Primer design and capture
MPD was used to design primers for all exonic regions of the following genes: ABCA7, APOE, BIN1, CD2AP, CD33, CLU, MS4A6A, and PICALM using conditions recommended for the Access Array System and compatible for sequencing on an Illumina MiSeq. For validation purposes, we restricted our analysis to the first 47 pools identified so only 1 Access Array System would be required per 48 samples. The primers were synthesized on 6 plates using standard desalting and normalized to 60 mM concentration with the appropriate forward and reverse adapters added to the respective primers. Individual primers were pooled and amplification of 48 samples of genomic DNA was performed using the Access Array as per manufacturer’s protocol. All samples were barcoded according to the manufacturer’s protocol and 250 bp paired-ended sequencing was performed on an Illumina MiSeq. Of note, the forward and reverse sequencing adapters add about 100 bp of sequence to the resultant amplicons.
Primer design validation
All raw fastq files were mapped against hg38 build of the human genome using PE Mapper (https://github.com/wingolab-org/pecaller) and trimmed by 27 bp, which is 1 bp larger than the longest primer, from the 5’ end of the read to avoid sequencing the primers directly. Base calling and variant detection was performed using PE Caller with default parameters (theta = 0.001, probability to call = 0.95), and annotation was performed using SeqAnt [8].
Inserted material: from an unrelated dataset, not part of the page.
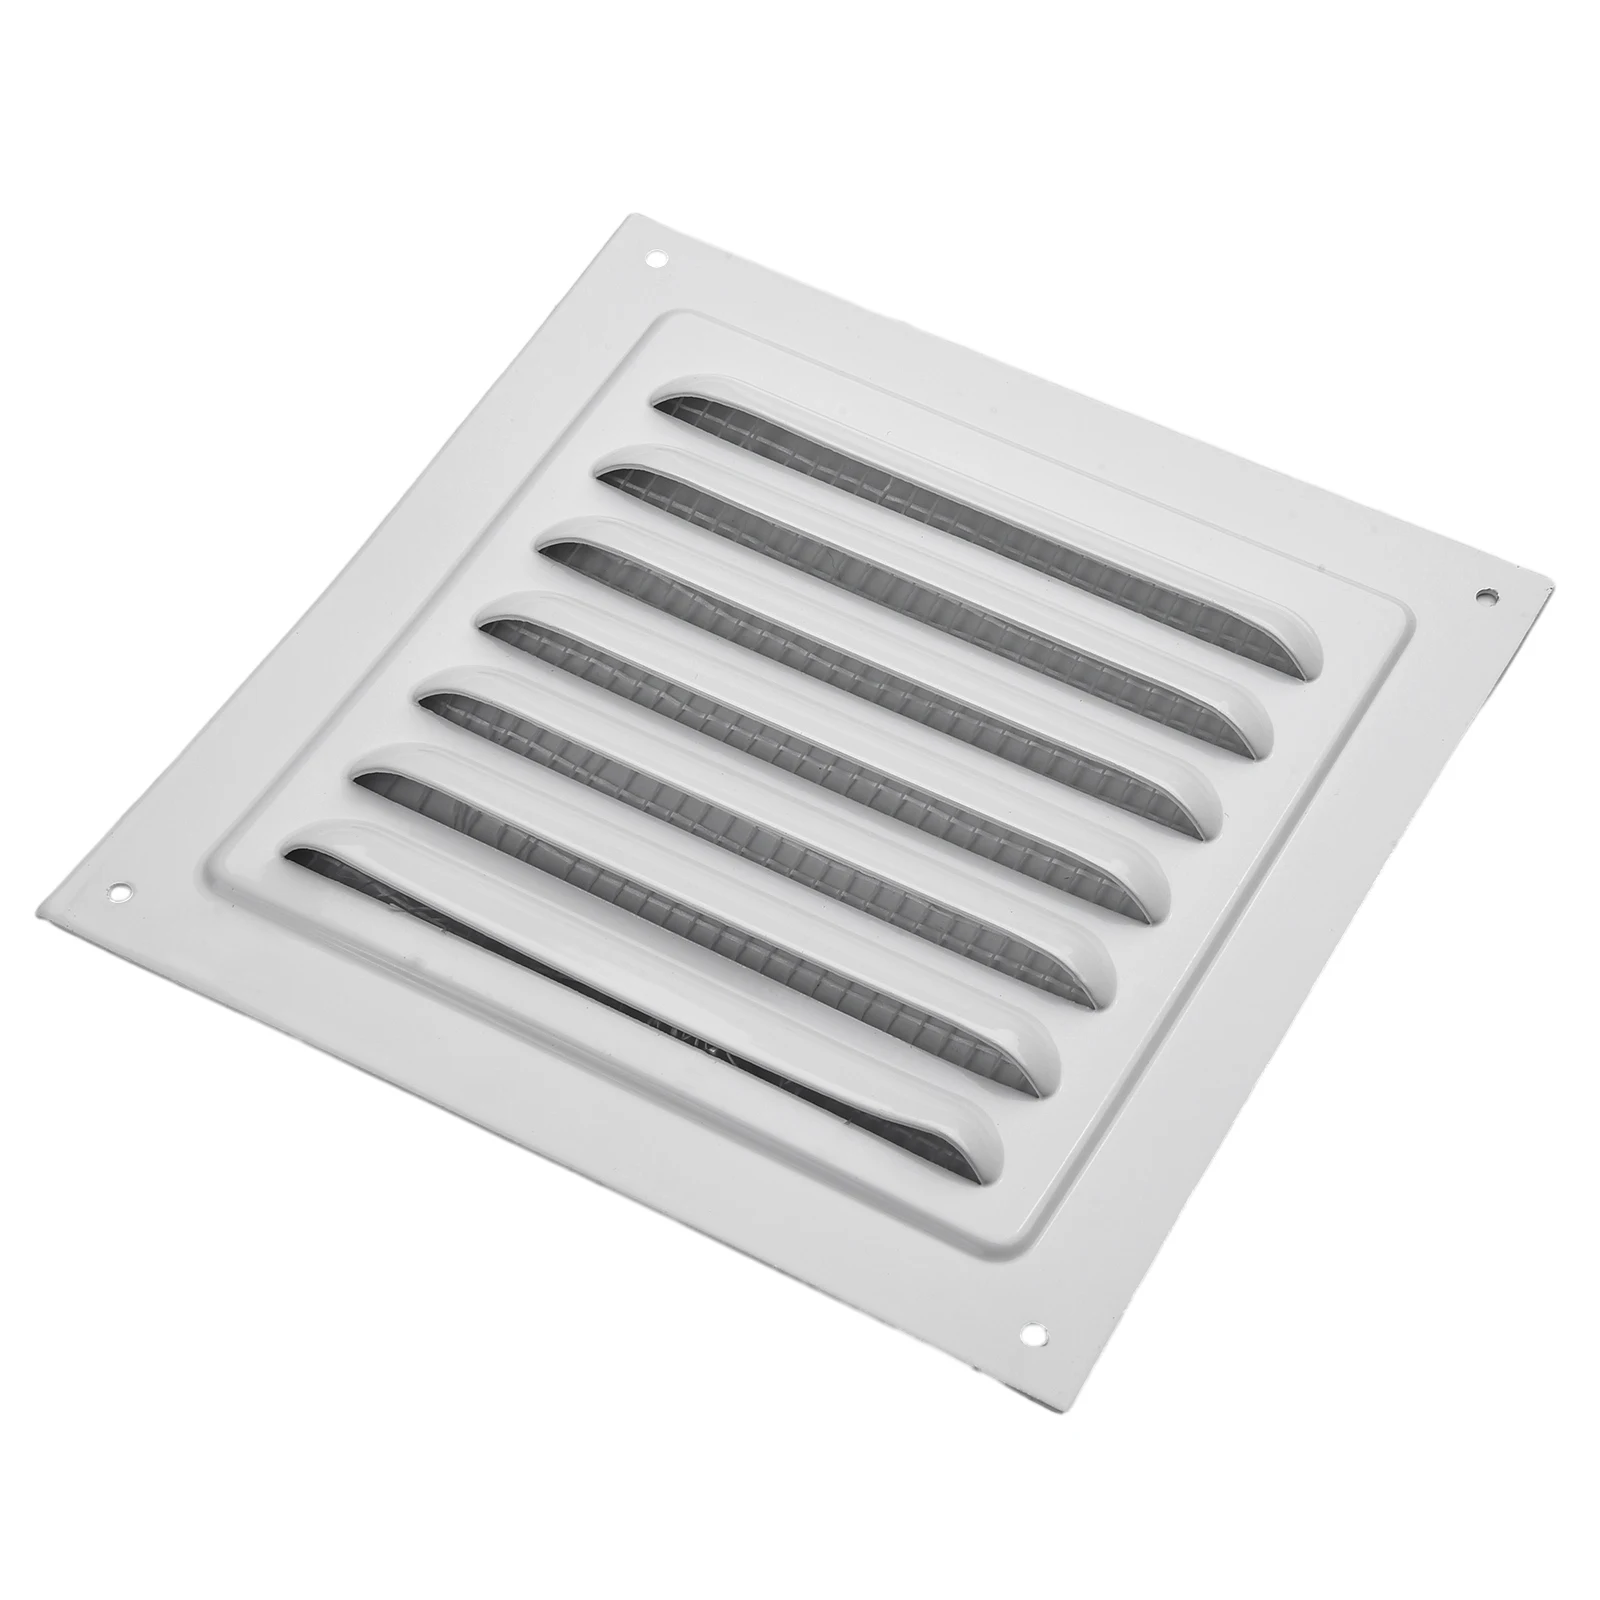 

Aluminum Alloy Air Ventilation Cover Louver Ducting Ceiling Ventilation Grill Cover Heating Cooling Ventilator Mesh Vent Grille

Quality control was performed in 2 phases. First, samples were examined within groups that underwent capture together. Primer regions with >3 SD missing sites were dropped from all samples, and samples with >3 SD missing data were likewise excluded. Second, samples from all batches were combined, and those with >3 SD missing data or excess heterozygosity were dropped. Reported sites are those with >95% completeness, and variant sites that failed Hardy-Weinberg filtering at 10-7 were excluded; however, no site failed Hardy-Weinberg filtering.